In 1993 they followed this up with the similar-sounding but equally good Little Red Riding Hood.  If it ain’t broke, don’t fix it.  The only covers this time was I’m a Loser by the Beatles and the traditional song Precious Memories.  There were silly songs (Bad Indigestion) and sad songs (Rocky Mountain Mines and Eleanor, It’s Raining Now).   There were also struggles (No Room for Us) and hope (You Satisfy).   The album had a slightly less folk and more rock feel to it.    Working together seemed to scratch an itch they all had in a way that we could all benefit from.
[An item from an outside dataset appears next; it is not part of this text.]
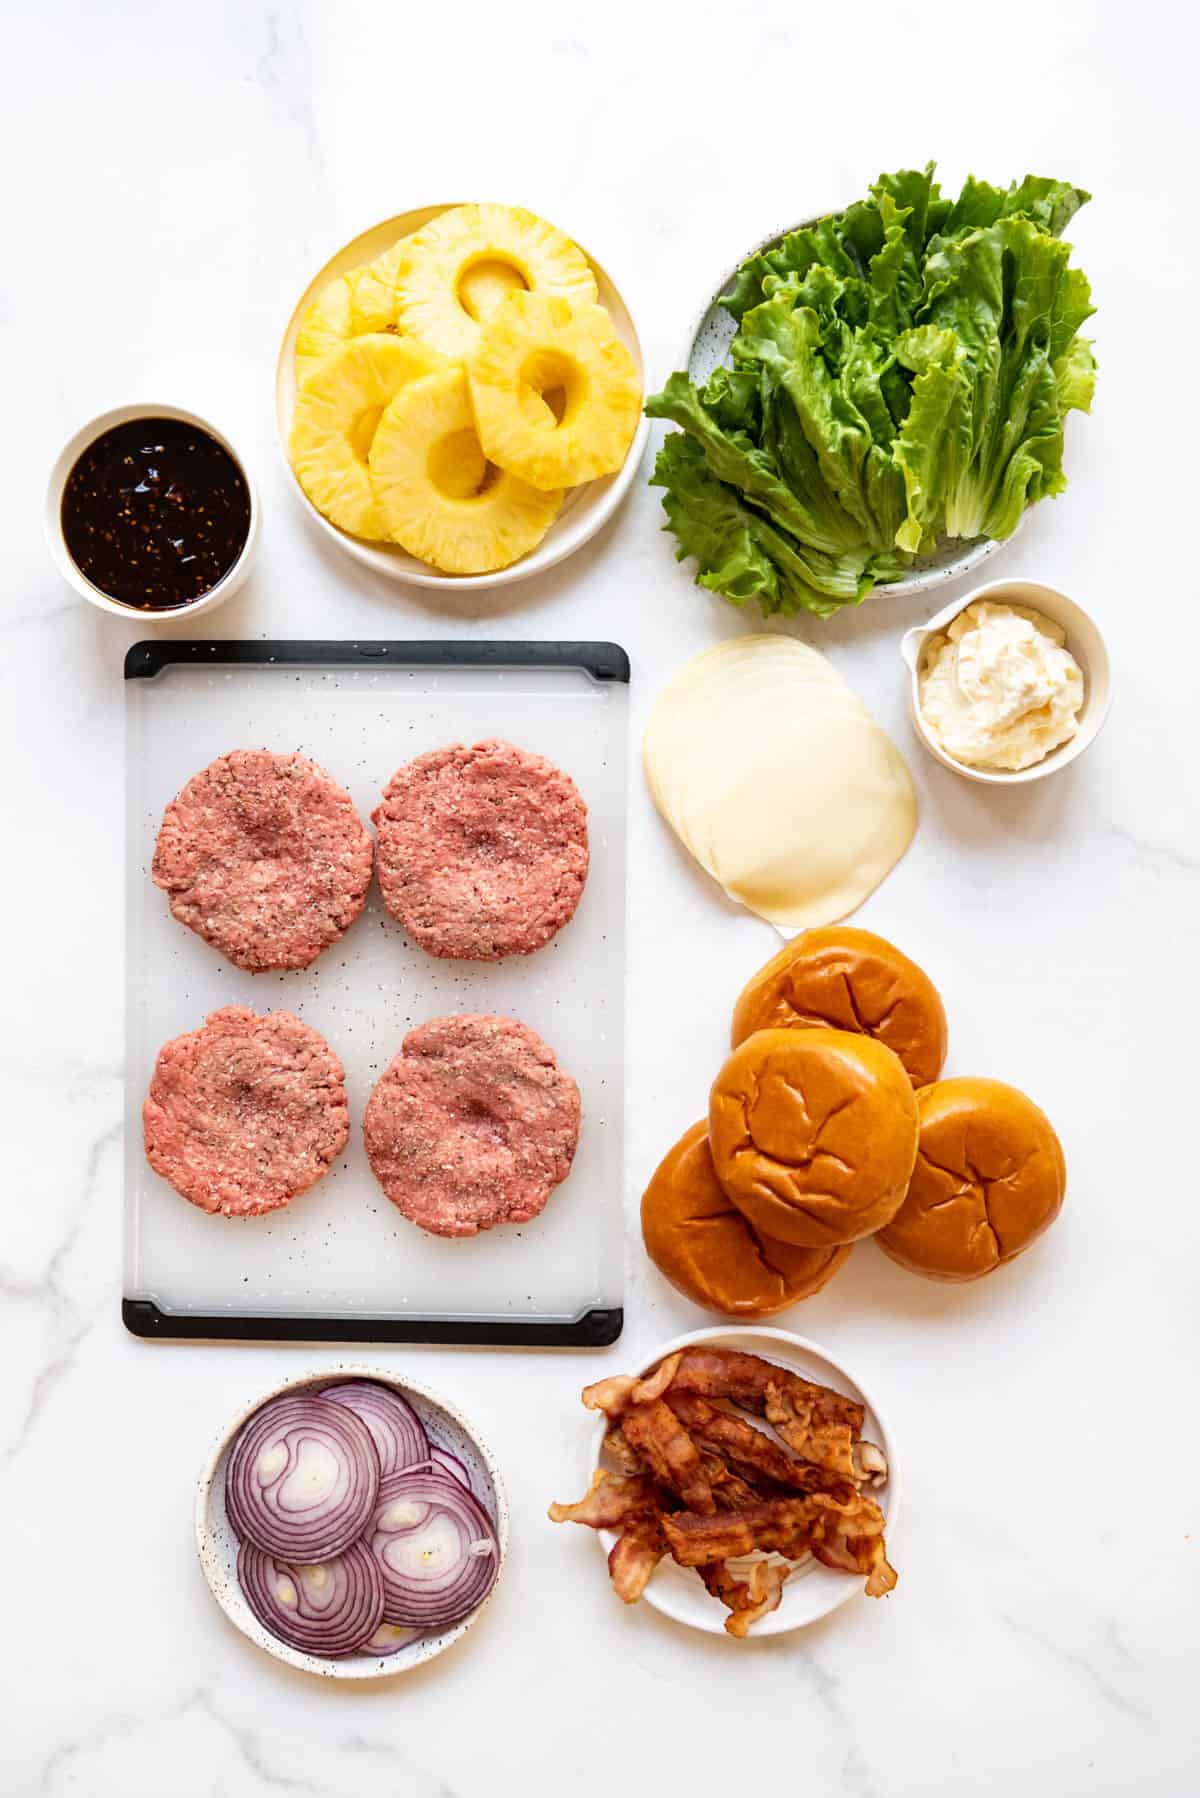 Ingredients for making Hawaiian burgers.

The Green Room Serenade (Part 1) was released in 1996 and continued the shift to a more popular style.  Terry Taylor was responsible for more of the songwriting.  The formula was still there.  They covered If It Be Your Will.  They had some fun on songs like Close But No Cigar and Hey, You Little Devil.  There was hope in songs like Love Takes Over the World.  It was probably their most upbeat and accessible album.  Things were looking good for their side gig.